Technology: rights or responsibilities?
By Dr. Andy Farnell
Introduction
I've been wondering why I enjoy occasionally writing things for the Techrights site? What does "tech rights" mean to me? Where does my philosophy touch on "digital rights"? Are there even such things as digital rights or might that idea actually subtract from more fundamental human rights? If they exist, where do they come from? Who claims them? Who defends them? And most of all - since I firmly believe that all rights are accompanied by duties - what are the obligations that people have toward technology?
The nub of this windy essay is that while the Free Software movement has changed the world, its effect is largely "internal". It has been more about the developers and project founders who make software than the users of software.
That's because we frame things in terms of "rights". Despite the fact that all of us are now beneficiaries of Software Freedom, most people do not recognise the ideals undergirding the code that runs the world. We experience it only as packaged (Tivoised) proprietary produce much the way that consumers of processed food from supermarkets are disconnected from farmers.
I've recently read upsetting comments about the progress of Libre software as a social movement. Alexandre Oliva took some flack for his LibrePlanet 2024 talk. Though the response was clumsy and rude, the frustration expressed by people struggling to survive in techno-authoritarian regimes is not without merit and behoves reflection. As the crimes of mass surveillance and dehumanisation through technology grow, we seem at a loss to explain the failure of humans to steer digital technology, either by democracy or markets, and the failure of "rights and freedom" alone to offer a credible counter to our plight.
My suggestion is that we need to turn this around and re-frame the problem in terms of responsibilities. Rights always come with them. Technology already offers us so much freedom. Maybe too much? Squandering great opportunity for unity and peace we've mostly used it to spread hate and fear, and amuse ourselves to death. Shouldn't we examine this? If digital technology as a whole were a single program we would be furiously typing at the debugger by now.
Next we want to use it to kill art and culture in the name of "efficiency" and in vainglory of our golden calf of the week, "AI". Libre software (and any connected movement for digital rights) is thus drunk on the same wine as Capitalism. But what is wrong with Capitalism, tree of all the fruits we relish?

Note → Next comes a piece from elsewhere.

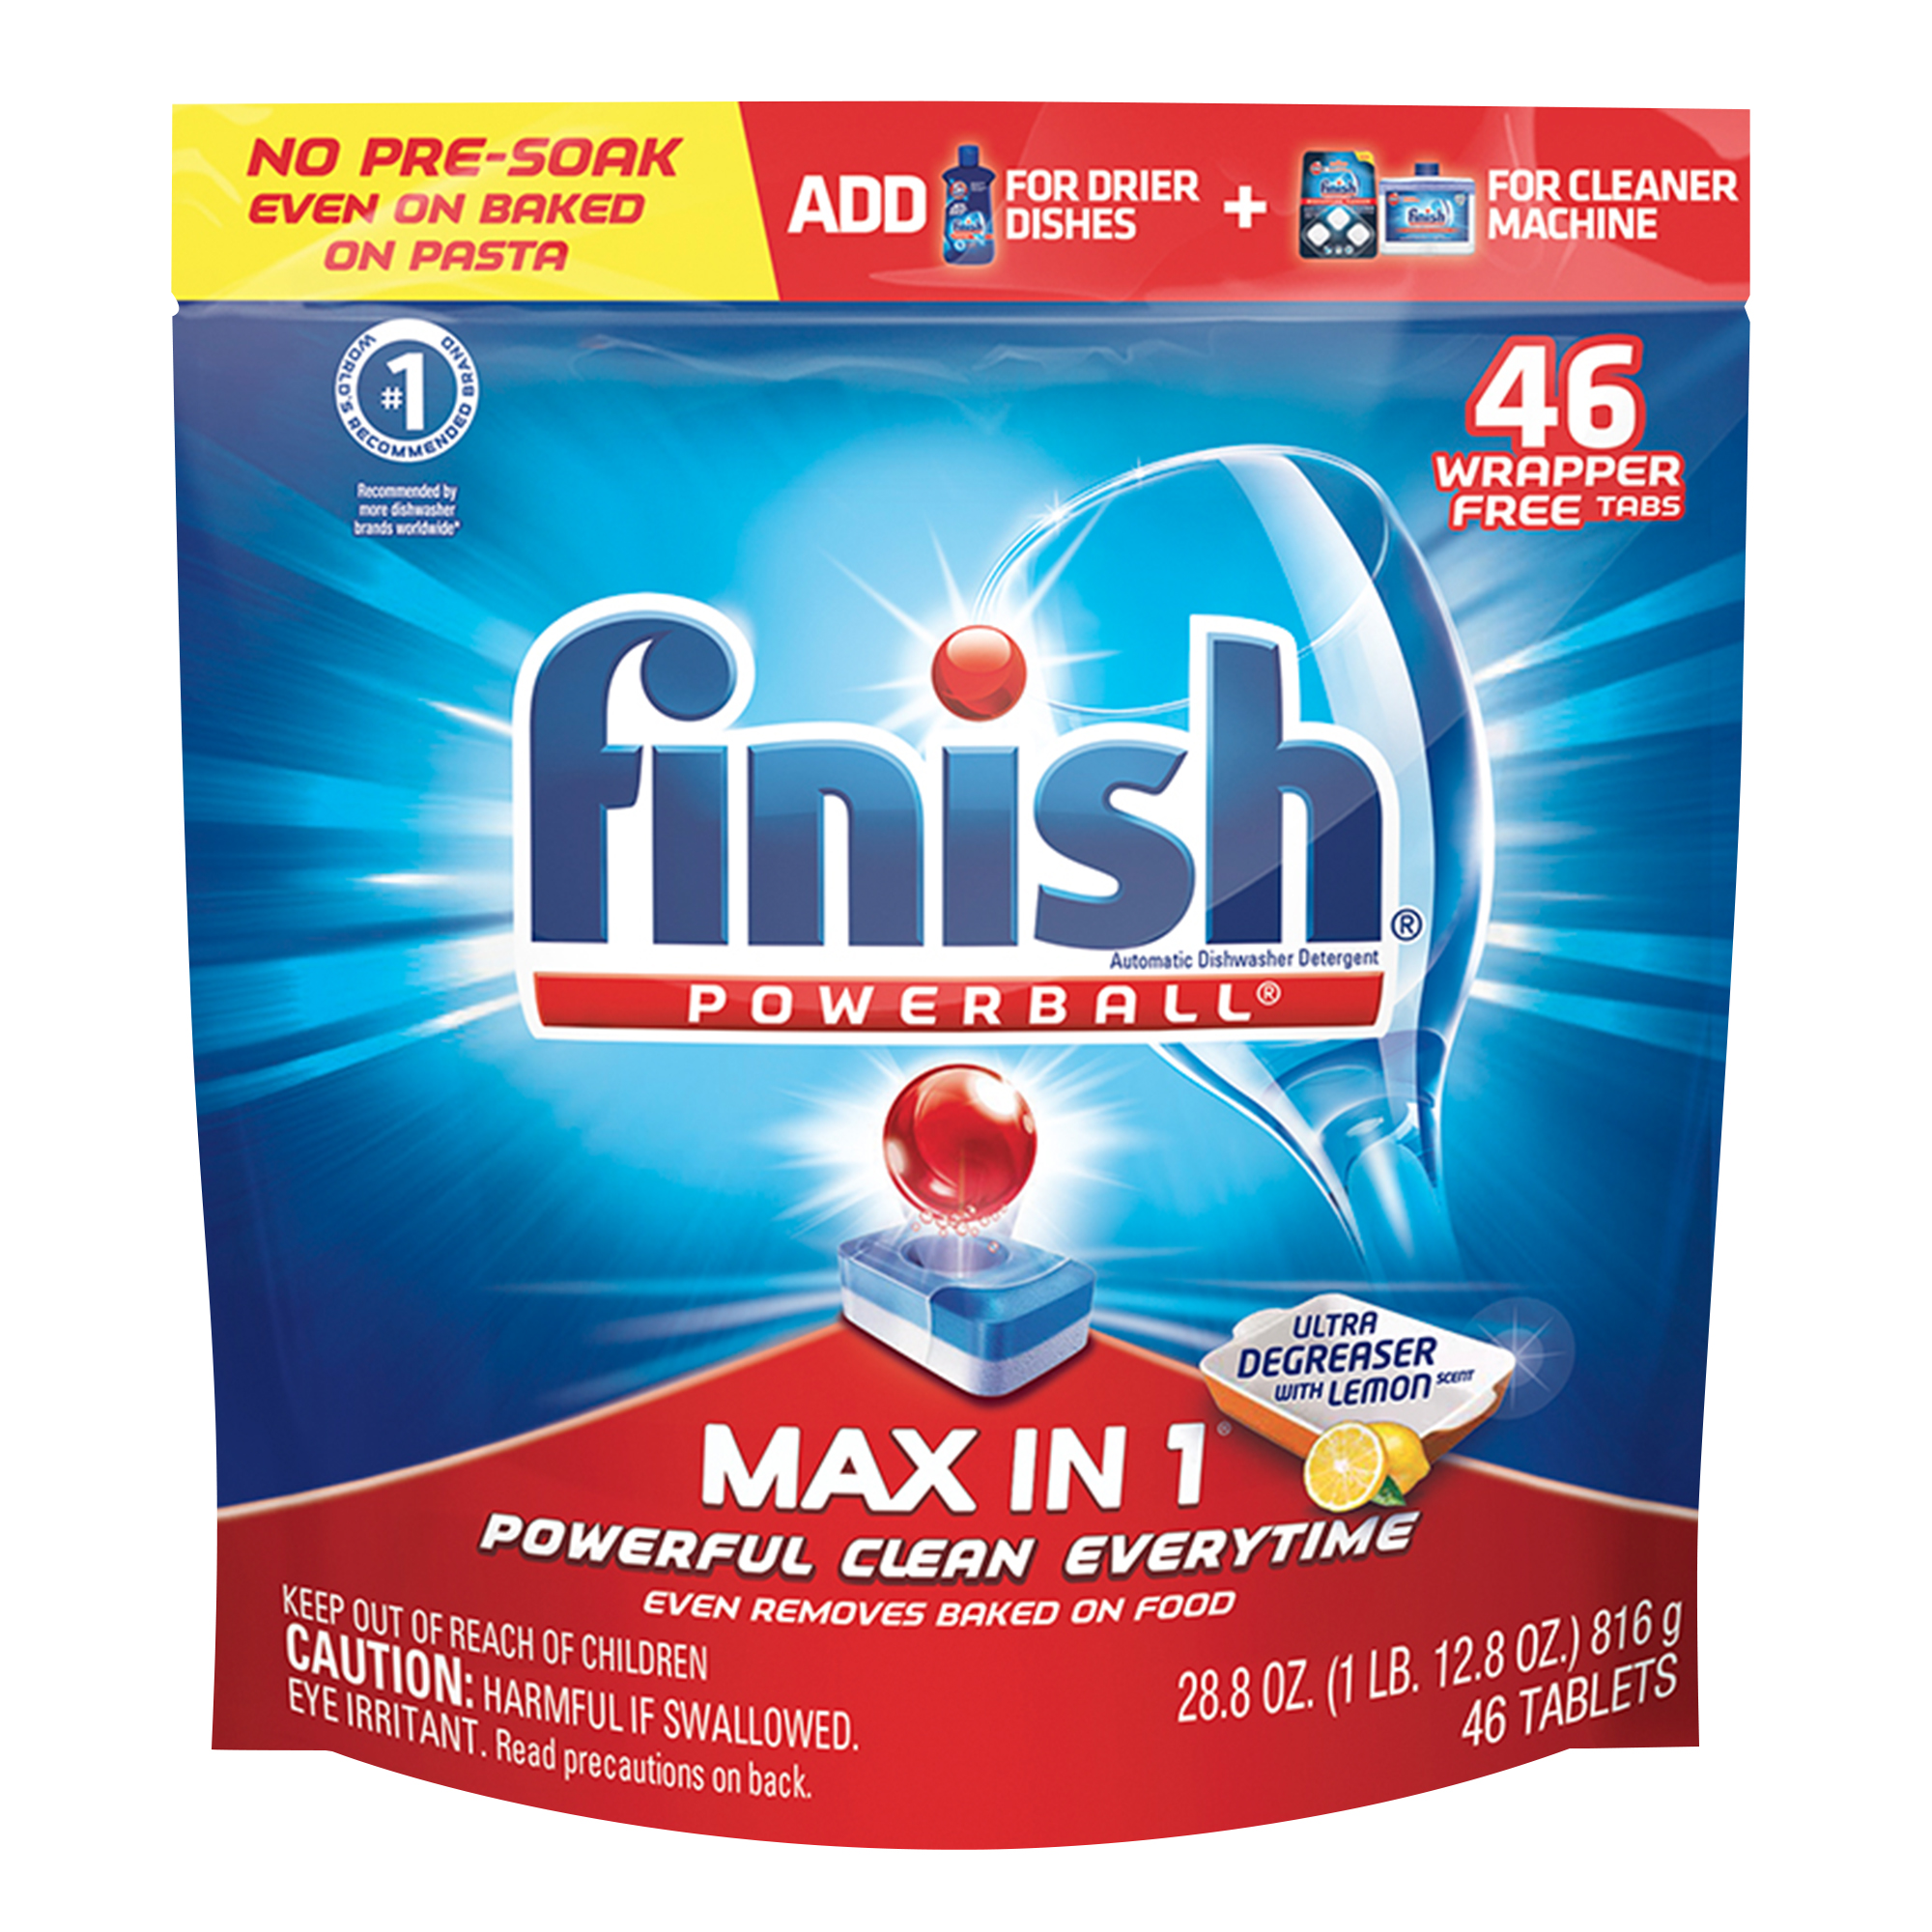 FINISH Powerball Max In 1 UltraDegreaser with Lemon

Someone recently asked me, "am I anti-capitalist?". With serious and sincere thought I had to say "No. I'm just anti-asshole". With further reflection it's not even that, since my friends who would happily call themselves Capitalists are anything but. So I go back to what I think is the most incisive comment I've ever read about Capitalism since Marx, and it's by a psychologist and psychotherapist Adam Phillips, who says:
"Capitalism is for children"
I hope we are able to read that in a non-threatening and non-judgemental way just for a moment. For children?
Having children really changes your perspective on life. You get to see, rather than experience, the transition from helplessness to earned security and self-dependency. Becoming "responsible" rather than being a jangling bag of nerves, confused and dependent, with no patience or situational awareness of time or space, is an epic milestone. Some of us take longer to get there. Not all of us get there.
We find, perhaps not by accident, that the kind of technology capitalism begets and the influence of that technology on culture, does feel a little bit like that of a child. As climate change is forcing us to confront that and rapidly grow-up with respect to energy tech, I think smartphones, AI and social media are similarly provoking a crisis of maturity around communications technology.
Thinking about our responsibilities is an escape from the frustration of childhood. We have to face, viz Sartre, the burden of condemnation to be free. Free to make anything and everything we like of digital technology, including all that we mustn't. Or in Snowden's words, "Just because we can, doesn't mean we should". Peter-Pan Capitalism, and its lust for ubiquity, immediacy, omnipresence, omnipotence, omniscience, absolute safety and unqualified freedom, will not serve us in navigating a world we've furnished with adult technology like atom bombs, AI and mind control networks.
And since digital technology is built by we the people a more mature relation with it might also adjust our relation to needs and resources, government, intelligence, the law, police, health, education, religion and all the other things we need other than a facsimile of social-connection and entertainment.
For those opposing tyranny and ignorance it may provide us with weapons we had never dreamed of in the fight against corrupt and lazy creeds like "surveillance capitalism" which trades in our dignity, and corporate "enshitification" that preys on our gullibility.